Esther Power, who preferred adventure to marriage, has had health problems but is still an independent soul. The 87-year-old Power is using her retirement years to dictate her memoirs, from her time at Oxford through her foreign language work for the government during World War II. She lives alone in a Georgetown efficiency.

Just a generation or two ago, Parker, Power and the Deimels would have been seen as exceptional -- middle-class people who had managed to stay active, alert and financially independent well past the traditional old-age marker of 65. But now this is the norm in the United States.

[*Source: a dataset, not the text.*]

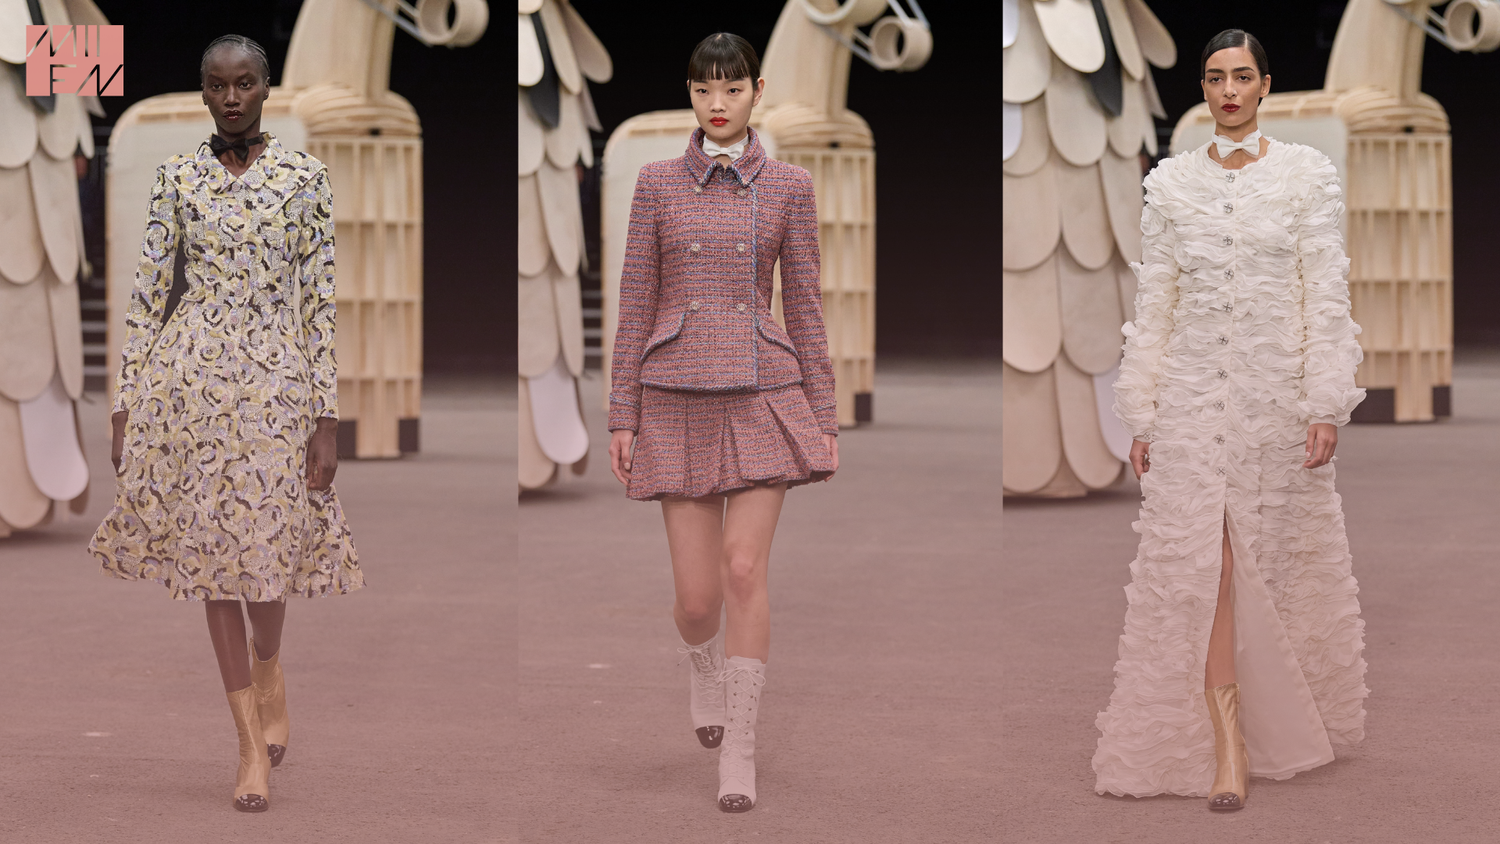 These 3 fashion trends spotted at the Chanel show will make waves next  summer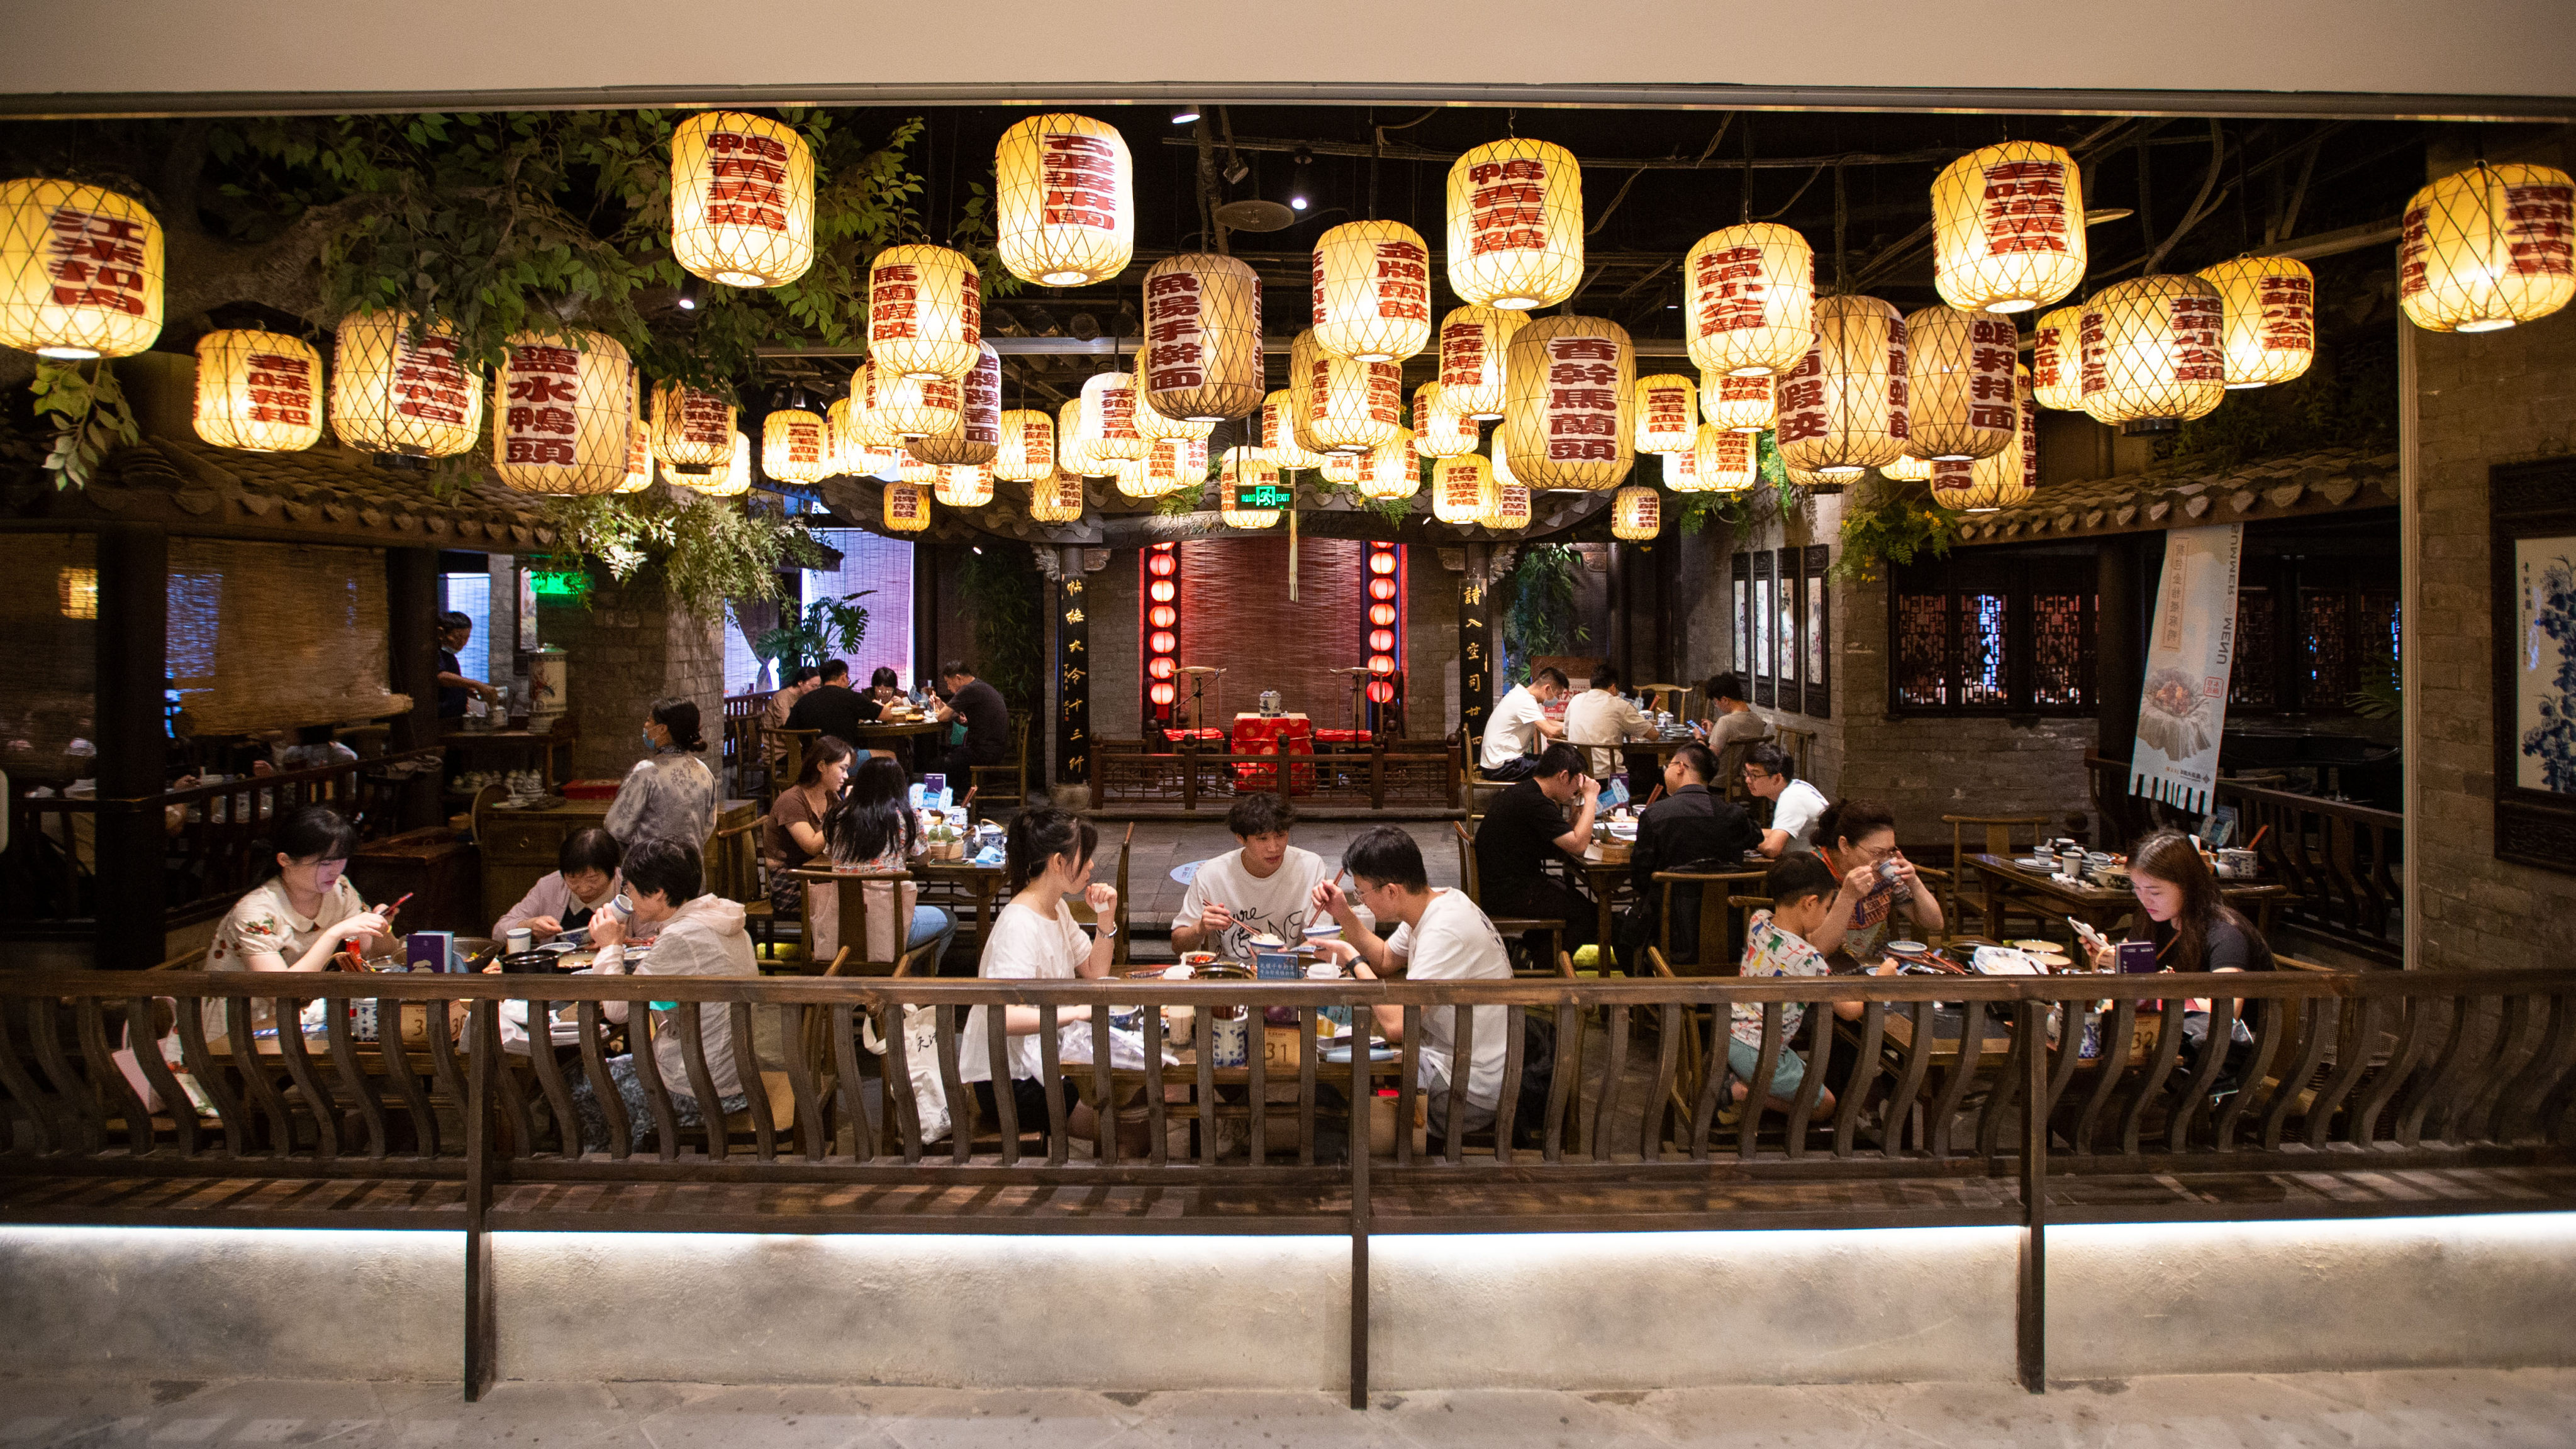 People dine in a restaurant in Nanjing in Jiangsu province on September 11, during the three-day Mid-Autumn holiday. Chinese consumption, along with the Chinese economy, is likely to recover when the zero-Covid policy is put to rest. Photo: Xinhua

The current generation of elderly Americans is generally healthy, aided by significant gains in medical science and by government health care programs. Even most of the "oldest old" -- those 85 and above -- have no physical disabilities that limit their activities. Social Security and improved pensions are providing better retirement incomes than at any time in the past, and more than half of all Americans over the age of 65 own their homes outright.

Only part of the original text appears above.